One gets a propensity for jaw clenching, muscle tensing... but muscle tensing is enjoyable, and jaw clenching can be avoided by being conscious of the tendency

It seems if you flow and play around with physical movements you can discover a lot of cool mind/body states with this drug. As far as moving around in public influenced - your eyes are wide open so people are going to laugh at that, but communication for me is generally easier and more free-flowing so the paranoia level is low lol. Except you get laughed at a lot with your eyes being all

I'm thinking to take up either BJJ or yoga partially because of the influence of this drug. Next time I take bk-MDA I wanna be somewhere I can just jump and roll around like a maniac instead of typing on a keyboard.

I'm a drug newbie, but I can also consult with an experienced friend who I've taken it together with, so - questions welcome.

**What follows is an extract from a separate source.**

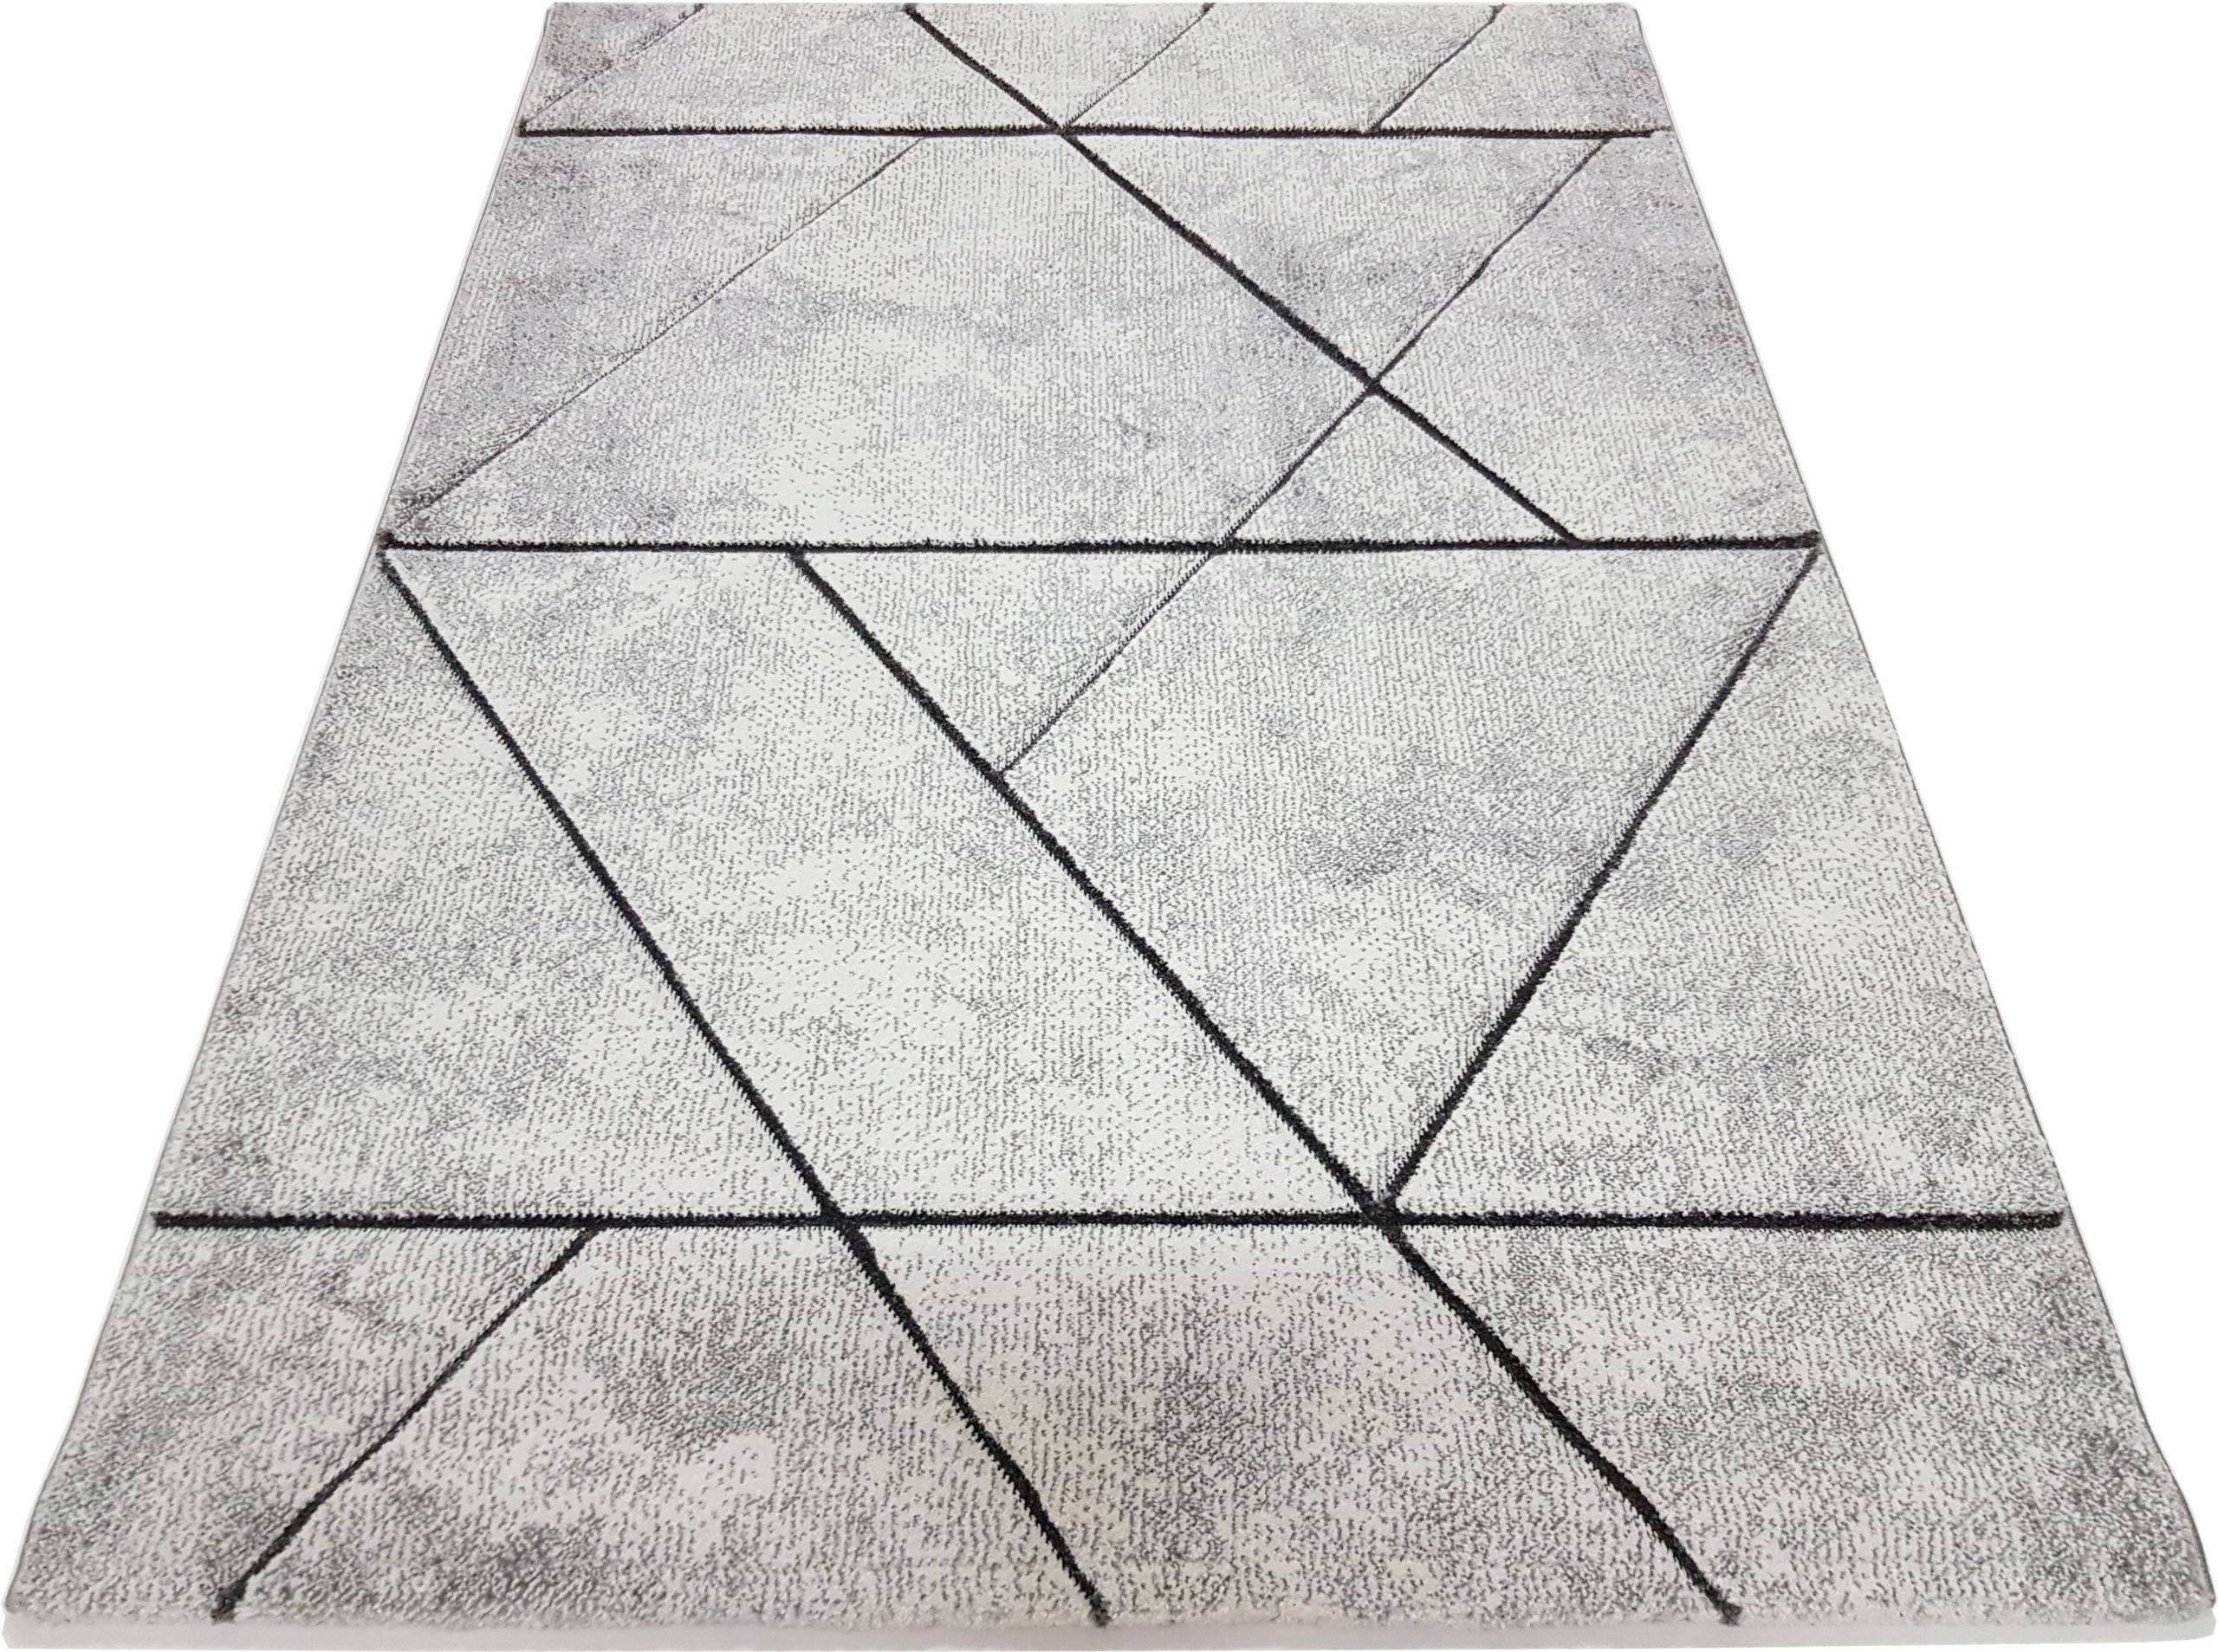 Koberec Koberec 80x150 3D DIAMOND dash sivý popol BELIS

Does this sound anything like bk-MDMA or MDA?

 

I'm normally not one for reviving dead topics, but I feel this is worth being discussed again.

So what ever became of this? It sounds perfectly active and an interesting compound, and I'm especially surprised by the duration since the beta-ketone analogues tend to be much shorter lasting than their amphetamine brothers.

I've heard that the reason for it not reaching popularity is that it quickly degrades unlike other beta-ketones, but even if such degradation is quick, it can't be that quick if depraved was able to conduct trials with it before it degraded.

I imagine with correct storage it might just be the case that one wouldn't be able to stock up long term, but in the short term it'd be fine - and I understand this is a problem for vendors producing kilograms of product, but what about the people who just offer small custom synths? Why doesn't someone get some of this made?